İbo ve Yume eskiden aynı köyde yaşarlarmış. Doğduklarından beri arkadaşlarmış hatta iddalara göre beşik kertmesi olabilirlermiş. Zen ise çocukluğundan beri asker olarak yetiştirilmiş biriymiş. On dört yaşına kadar savaşmanın bir kahramanlık olduğuna ve her öldüreceği adam için cennette ona bir kat verileceğine inanan biriymiş. Daha sonra İbo ve Yume ile tanıştıkları zaman, savaşın asla anlatıldığı gibi destansı bir olay olmadığını, yıkmak ve bozmaktan başka bir halta yaramadığını zor da olsa kabul etmiş. Aksi bir ihtiyar gibi olsa da o iki arkadaşına çok bağlıdır. Peki ne yaparlar bu üçlü? Kimse bilmiyordu. Günlerini oyun oynayarak ve kitap okuyarak geçiren aylak bir takımdılar. Fakat "Hangi işle uğraşıyorsunuz?" sorusuna "Kitap okuyup, film izleriz." gibi bir cevap veremezlerdi. Aslında tek sıkıntı onlara sorulan soruydu. Soru "Ne yapıyorsunuz?" değil "Ne yaptınız veya başardınız?" olsaydı cevabı güzelce verilebilirdi. Mesela küçük bir ülkedeki iç savaşı bitirip devrim yapmak, bir derebeyinin yaptığı suçları su yüzüne çıkarıp onun topraklarına sahip olmak ve o alanda ihtiyaç sahiplerine bir köy kurmak, nesli tükenmek üzere olan bir kuş türünü yok olmaktan kurtarmak onların başardıklarından birkaçıydı. Aynı zamanda Zen gibi birçok insana da ilham kaynağı olmuşlardı. Ve bu takıma amaçlarını soracak olsanız size basit bir cevap veremezlerdi. Onlar sadece ve sadece hayatın onların önüne koyduklarını değerlendirirlerdi. Amaçları tüm övgüleri toplamak da değildi. Yaşamanın anlamı onlar için buydu. Elinden geldikçe fırsatları değerlendirirlerdi. İşte böyle olağanüstü bir takımdılar.

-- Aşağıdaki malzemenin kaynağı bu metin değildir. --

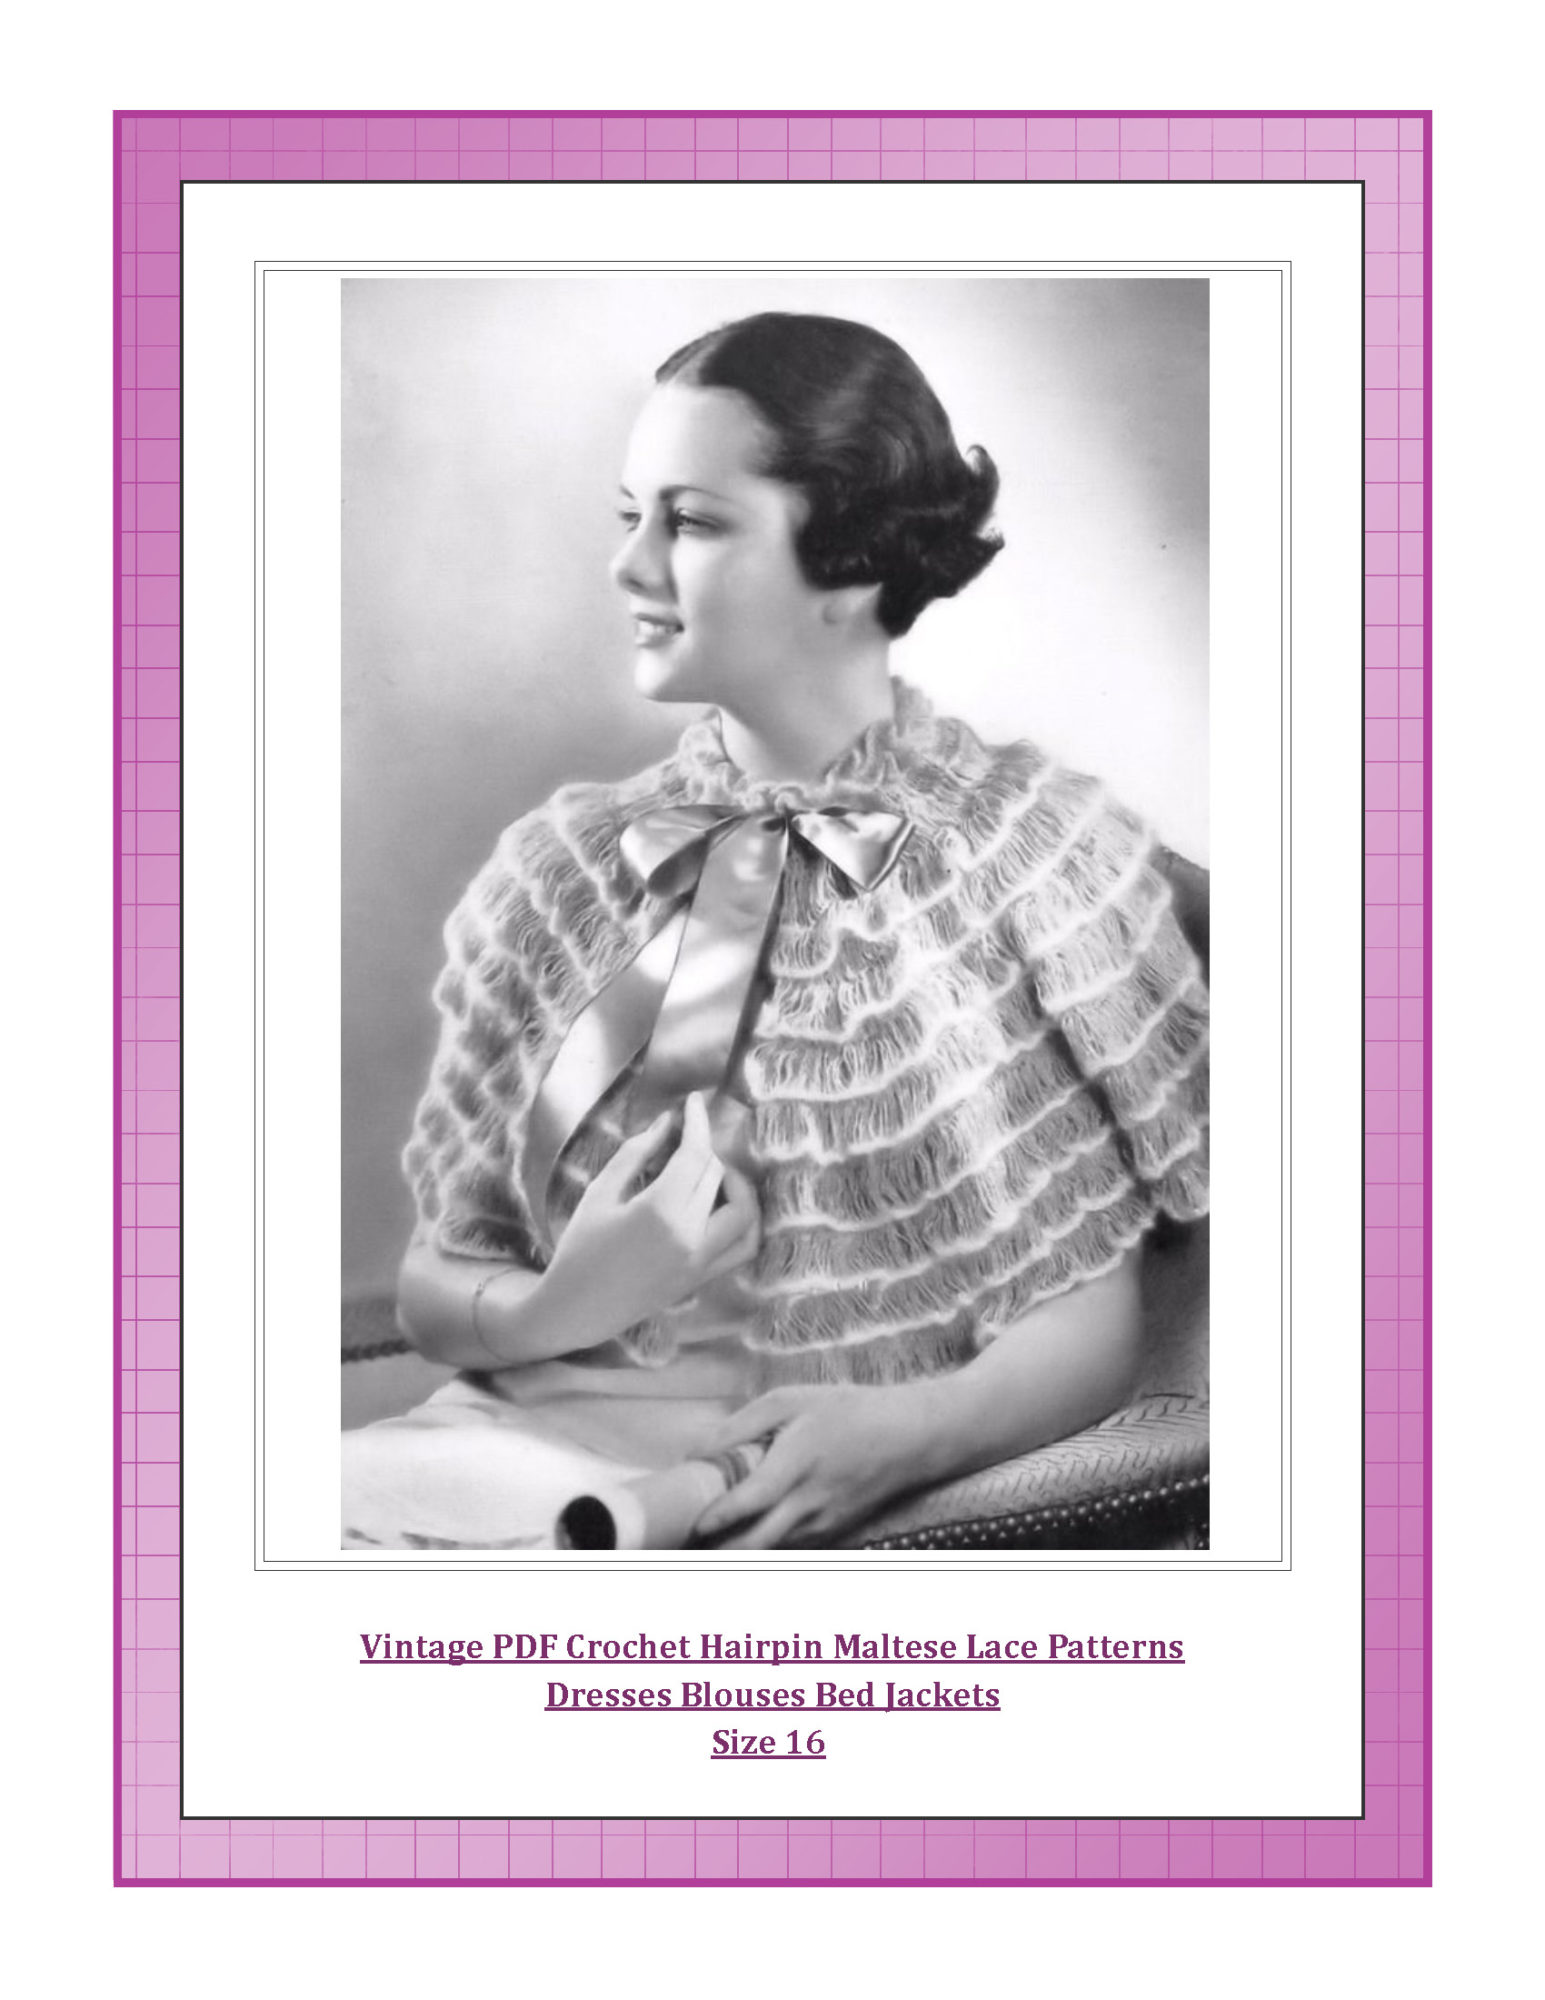 Vintage PDF Crochet Hairpin Maltese Lace Patterns Dresses Blouses Bed Jackets Size 16 

Hüso'ya güzel bir ziyafet çektirdikten sonra sıra halini hatrını sormaya gelmişti. Sahiden, Hüso daha yaşadıkları olayları kimseye anlatmamıştı. Samuel Turf'e anlattıkları sadece olaylar kuyusunun dibiydi. Bir de o kuyunun nasıl kazıldığı vardı. Hüso onlara detaylıca anlattı. Tam iki saat sürdü. Hiçbirisi onu anlatırken kesmediler.
-Anlatacaklarım bu kadardı.
Hüso bu kadar şey anlattıktan sonra onlardan bir yorum bekliyordu. İbo'nun yüzü hüzünlüydü ama gözlerinin içinden dostu adına umutlu olduğu okunuyordu. Hüso'nun beklediği gibi, yorumunu yapmaya tam başlayacakken Yume onu durdurdu.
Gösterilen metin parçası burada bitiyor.